RICHARD K. MCCLELLAND
AMENDMENT NO. 2 TO AMENDED AND RESTATED EMPLOYMENT AGREEMENT
This Amendment No. 2 to Amended and Restated Employment Agreement
("Amendment") is made and entered into on March 20, 1998, between DYNAMEX INC.,
a Delaware corporation, hereinafter referred to as the "Company," and RICHARD K.
MCCLELLAND, hereinafter referred to as "Executive."
WHEREAS, Executive and the Company have entered into an Amended and
Restated Employment Agreement, dated as of July 11, 1995, as amended by
Amendment No. 1 thereto, dated as of July 1, 1996 and effective as of September
27, 1995 (as amended, the "Agreement"); and
WHEREAS, the parties hereto mutually desire to amend certain provisions
of the Agreement;
NOW, THEREFORE, the parties hereto agree as follows.
1. On December 20, 1995, Parcelway Systems Holding Corp. changed
its name to Dynamex Inc. The name "Parcelway Systems Holding Corp." shall be
replaced with "Dynamex Inc." wherever it appears in the Agreement, and the
defined term "Holdings" shall be replaced with the term "Dynamex" wherever it
appears in the Agreement.
2. Section 4 of the Agreement shall hereinafter read as follows:
"4. Grant Options.
(a) The Company has granted to Executive stock
options (the "Grant Options") for the purchase of 48,000
shares (reflecting the 4 for 1 split of Common Stock effective
on June 3, 1996) of the Dynamex Common Stock at an exercise
price of US $4.25 per share ("Exercise Price") pursuant to the
form of option agreement attached hereto as Exhibit B. The
shares of Dynamex Common Stock that are to be issued to
Executive upon exercise of the Grant Options shall be referred
to herein as the "Grant Shares."
(b) The Company shall pay Executive eight equal
bonus payments each in the amount of $25,500 plus interest as
calculated herein, with the first such payment to be made on
the last day of the third month following Executive's exercise
of the Grant Options (the "Exercise Date") and remaining
payments to be made on the last day of each succeeding
three-month period, respectively, with the eighth and last
such payment to be made on the eighteen month anniversary of
the initial payment date. Interest shall be paid along with
each bonus payment and shall accrue from the date the Grant
Options are exercised
on the unpaid balance of all such bonus payments at the rate
announced publicly by NationsBank of Texas, N.A. in Dallas,
Texas, from time to time as its prime rate.
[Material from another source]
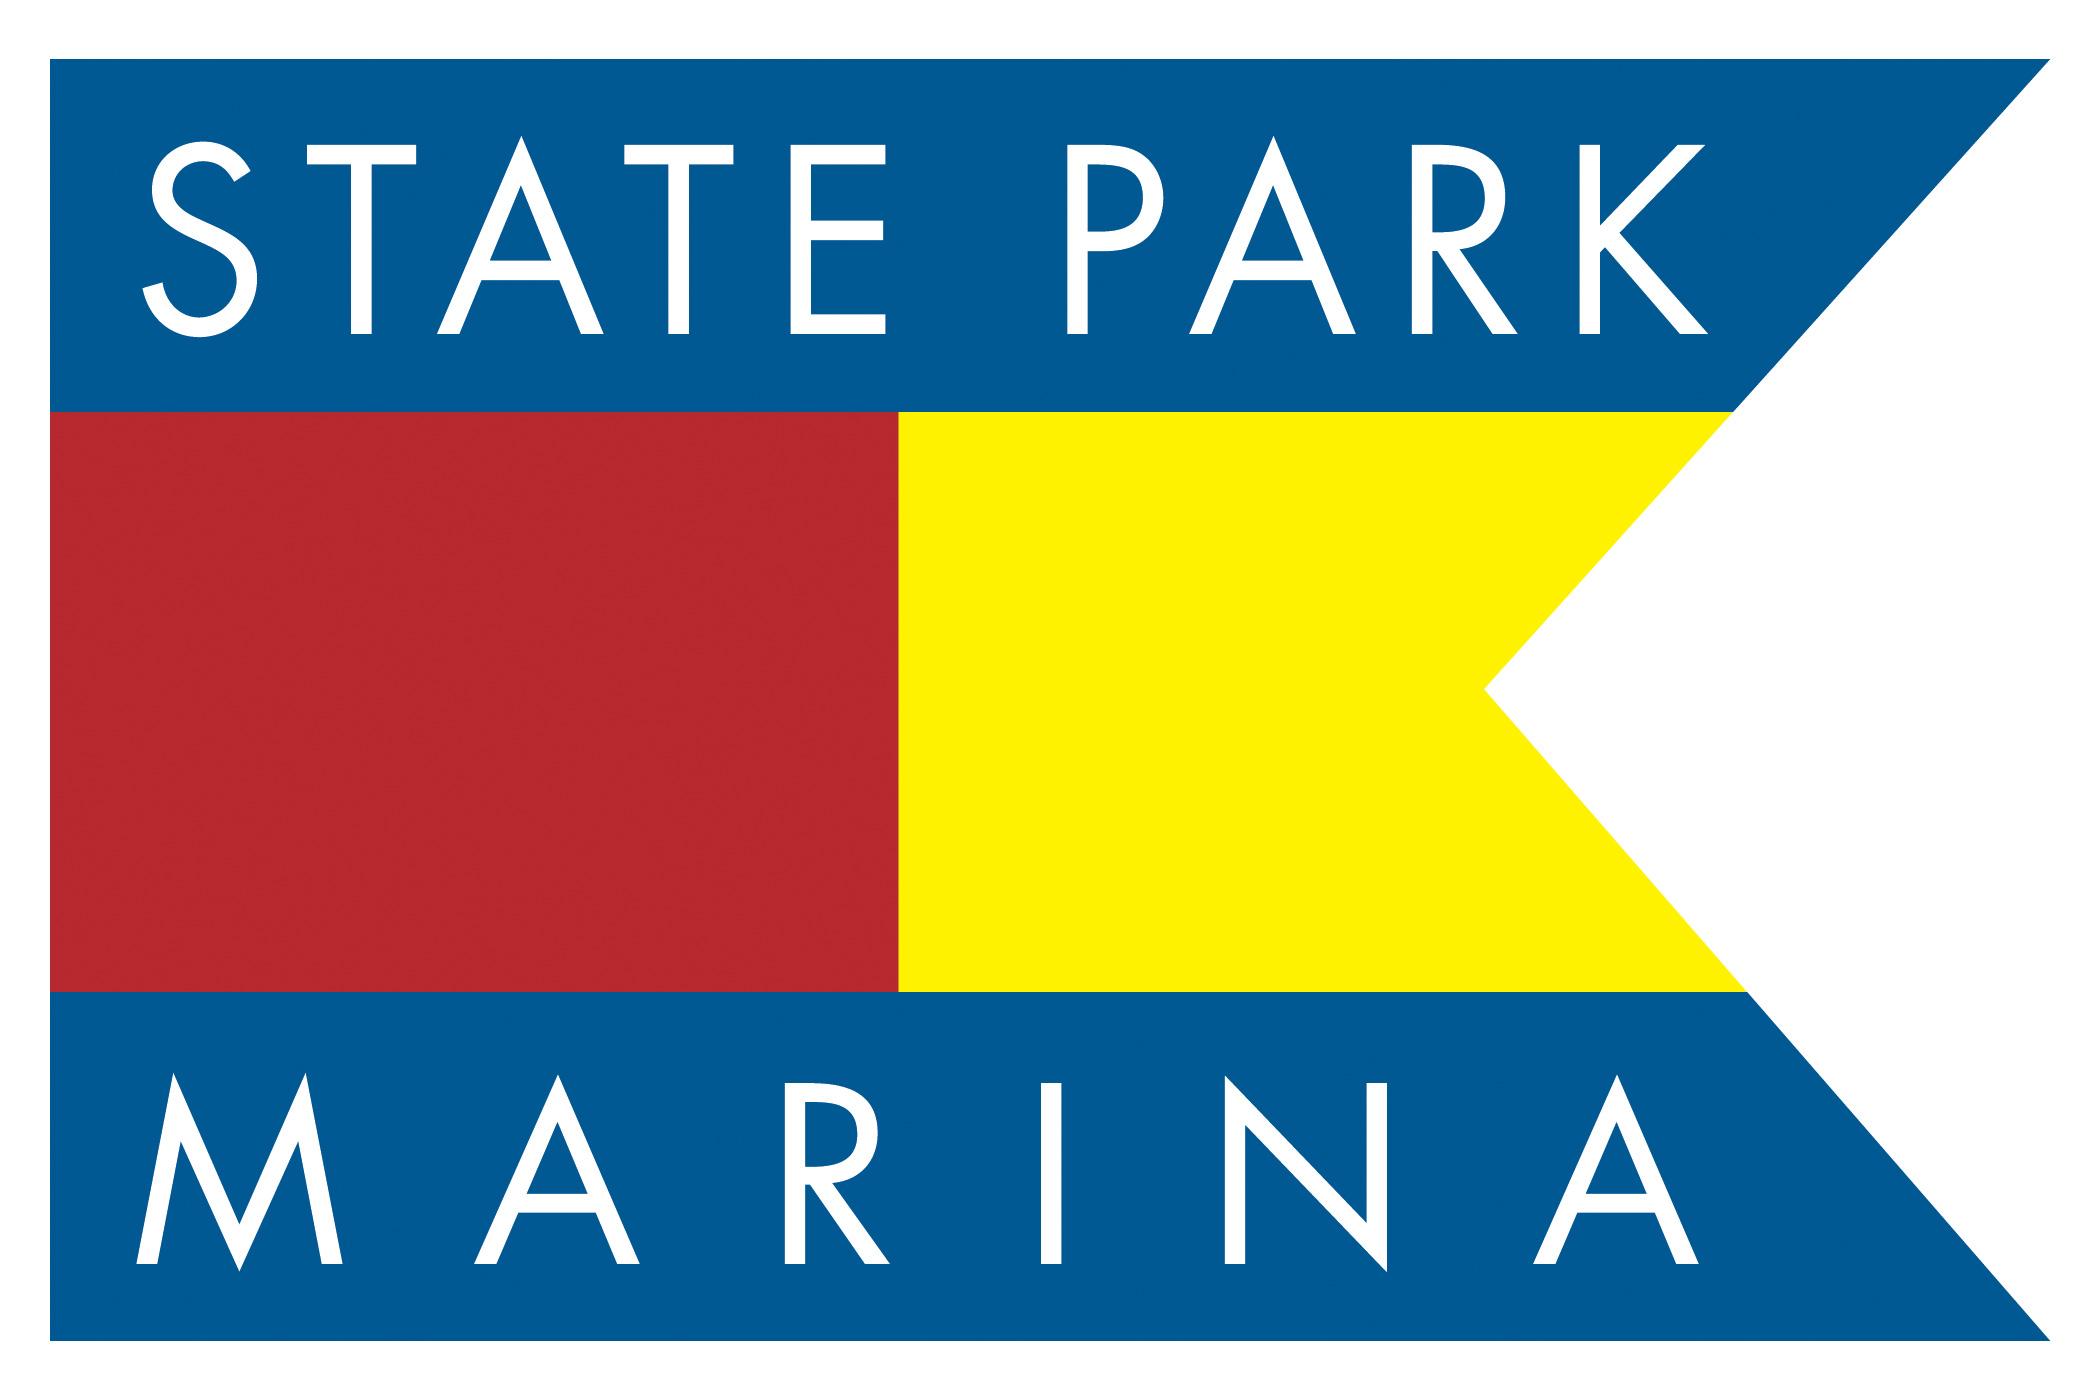 https://growthzonesitesprod.azureedge.net/wp-content/uploads/sites/969/2021/04/State_Park_Marina_High-Res-Logo.jpg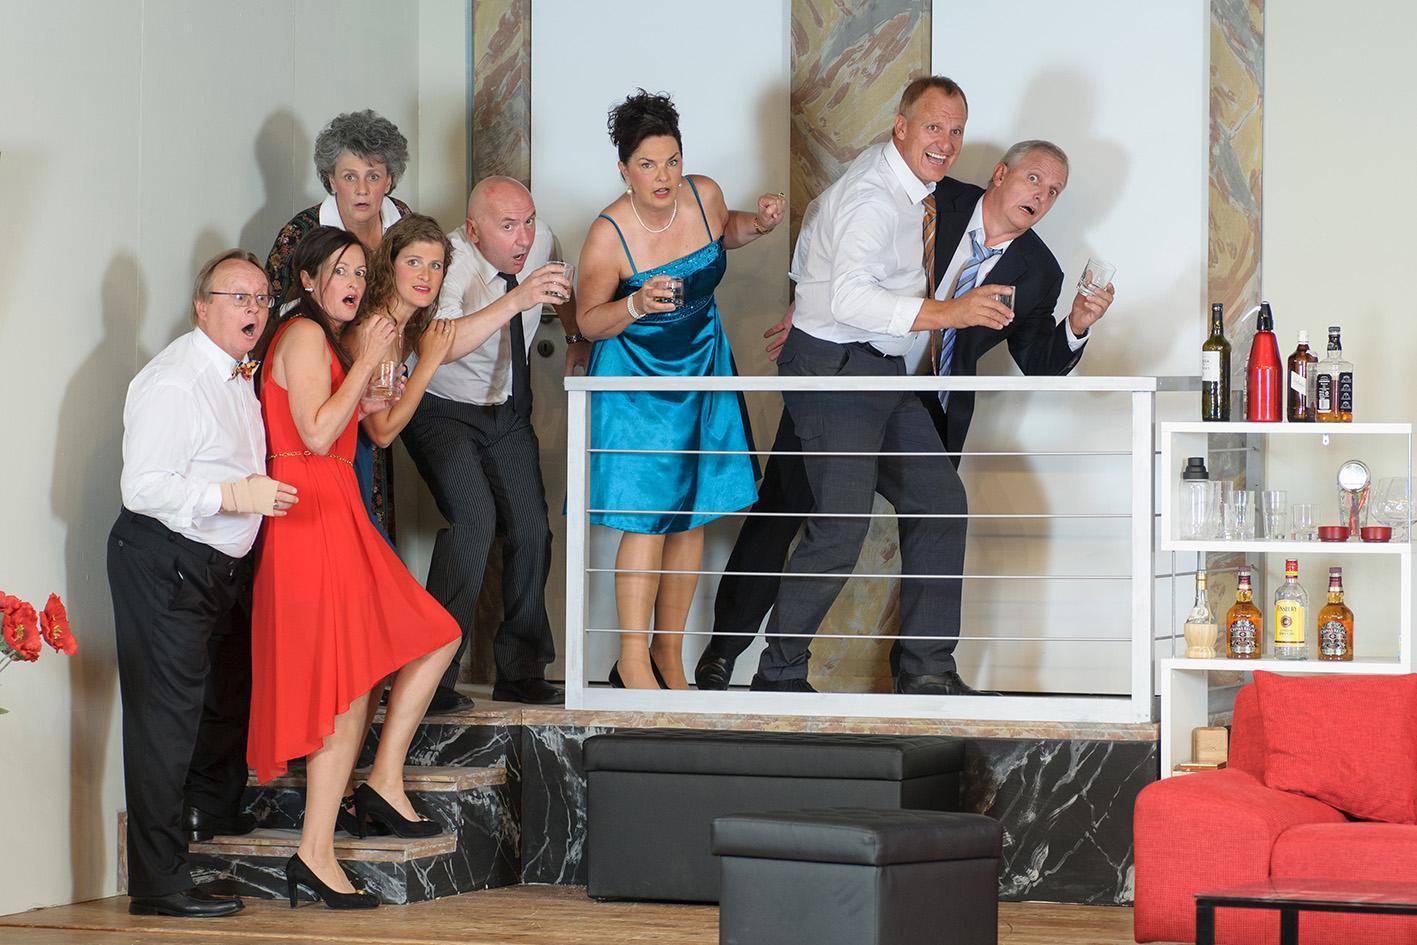 Theatergruppe Spektakel

(c) If this Agreement is terminated after the Exercise
Date for any reason other than those set forth in Section 2(a), 2(c) or
2(d), then the entire principal amount of the Option Bonus that is due
and unpaid on such termination date, shall become immediately due and
payable to Executive.
3. Except as set forth above, the other provisions of the
Agreement shall remain in full force and effect.
4. This Amendment shall be governed by and construed in
accordance with the laws of Delaware.
EXECUTED the day, month and year first above written.